If the Black Hills were turned back over, it would need a new form of jurisdiction, because there is no singular Great Sioux Nation any longer. We are divided into 9 different reservations. Plus the other tribes.

The people working on treaty councils at the local level are hypocritical, conservative (Lakota version) and prattle about issues that sound more like Evangelical Christianity than anything that connects us to our stories and land [Tasiyagnunpa Livermont, "Hobby Lobby and Reclaiming the Black Hills?" Sustainable Dakota, 2014.07.02].

Indeed, if we ever decide to give the Black Hills back to the tribes, to whom specifically do we give the deed? The Fort Laramie Treaty of 1868 bears the signatures of 25 Brule, 38 Ogallalla, 16 Minneconjou, 50 Yanctonais, and 6 recalcitrant Oglala Lakota (including Red Cloud, who did not sign until he had effectively waged war to force the United States government to close the Bozeman Trail). The Supreme Court held in 1980 that the Black Hills were wrongfully taken from the Sioux Nation of Indians. Who now are the descendants who rightfully own that seized land?
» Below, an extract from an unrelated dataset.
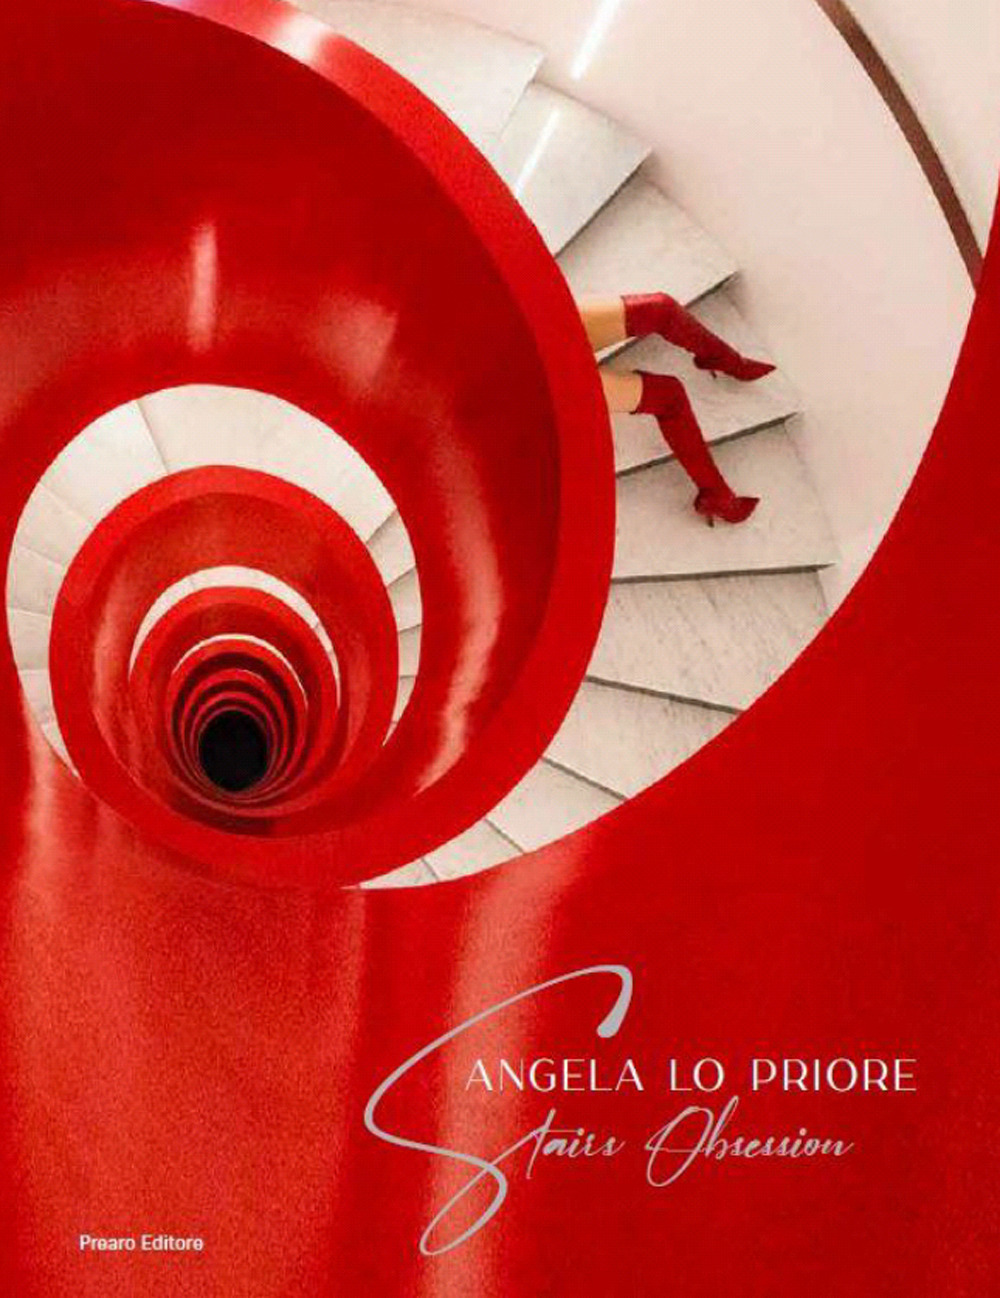 Libri Lo Priore Angela - Stairs Obsession. Ediz. Italiana E Inglese NUOVO SIGILLATO, EDIZIONE DEL 24/07/2021 SUBITO DISPONIBILE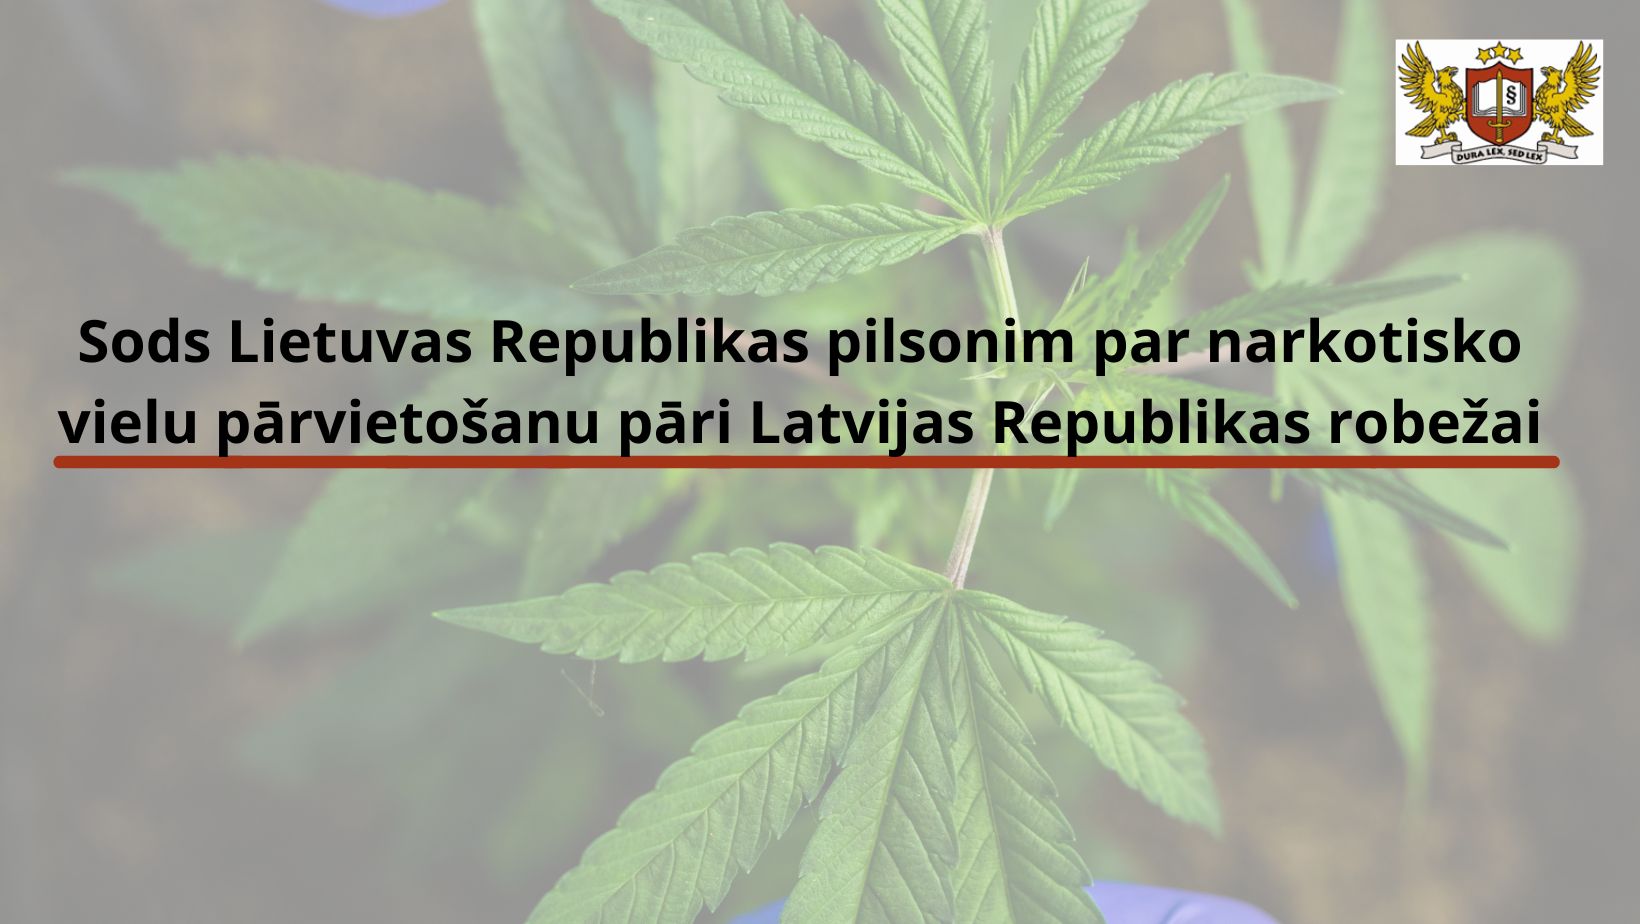 Attēls: Prokurore  ar priekšrakstu par sodu piemēro naudas sodu Lietuvas Republikas pilsonim par narkotisko vielu pārvietošanu pāri Latvijas Republikas robežai

A big part of the problem is that we cannot restore the Black Hills to the status quo ante. When the U.S. Cavalry and prospectors arrived, no one owned or governed the Black Hills in the Western sense of the words. Ezra Kind and Hugh Glass had about as much right to be out on the High Plains in the early 1800s as the men who signed the 1868 treaty; Kind and Glass just didn't have as many guys with them.

The Black Hills now exist within the matrix of Western land ownership and government. If the United States government rescinded its ownership of the Black Hills, and if South Dakota surrendered its sovereignty over all of West River, some legal order would have to fill the vacuum. We can't just relinquish the Black Hills to whichever tribe brings the most warriors...

...or can we? Would we satisfy the historical imperative of justice by following the letter of the treaty, pulling out our troops and settlers, closing the Bozeman Trail, and leaving interested tribes to sort things out for themselves? Would such a retreat bring more trouble to our Native American neighbors than they face now? Or would a white man's retreat of such magnitude galvanize Indian attitudes and political will to overcome the current divisions and corruption Livermont sees to organize their own effective government of the treaty lands?

Update 10:55 MDT: Friend of the blog and wasicu Black Hills land "owner" Stan Gibilisco offers his video take on who owns the Paha Sapa:

https://www.youtube.com/watch?v=k3J0SAjGdp4

I "own"—and I put that in quotes—I "own" a home here in the Black Hills. I question whetehr human beings can own any particular parcel of the earth. More like the earth owns us... [Stan Gibilisco, "Who Owns Paha Sapa?" YouTube, 2014.07.01].

I know Stan says the above comment is ancillary to his main point here... but his statement on ownership bears the whiff of wisdom.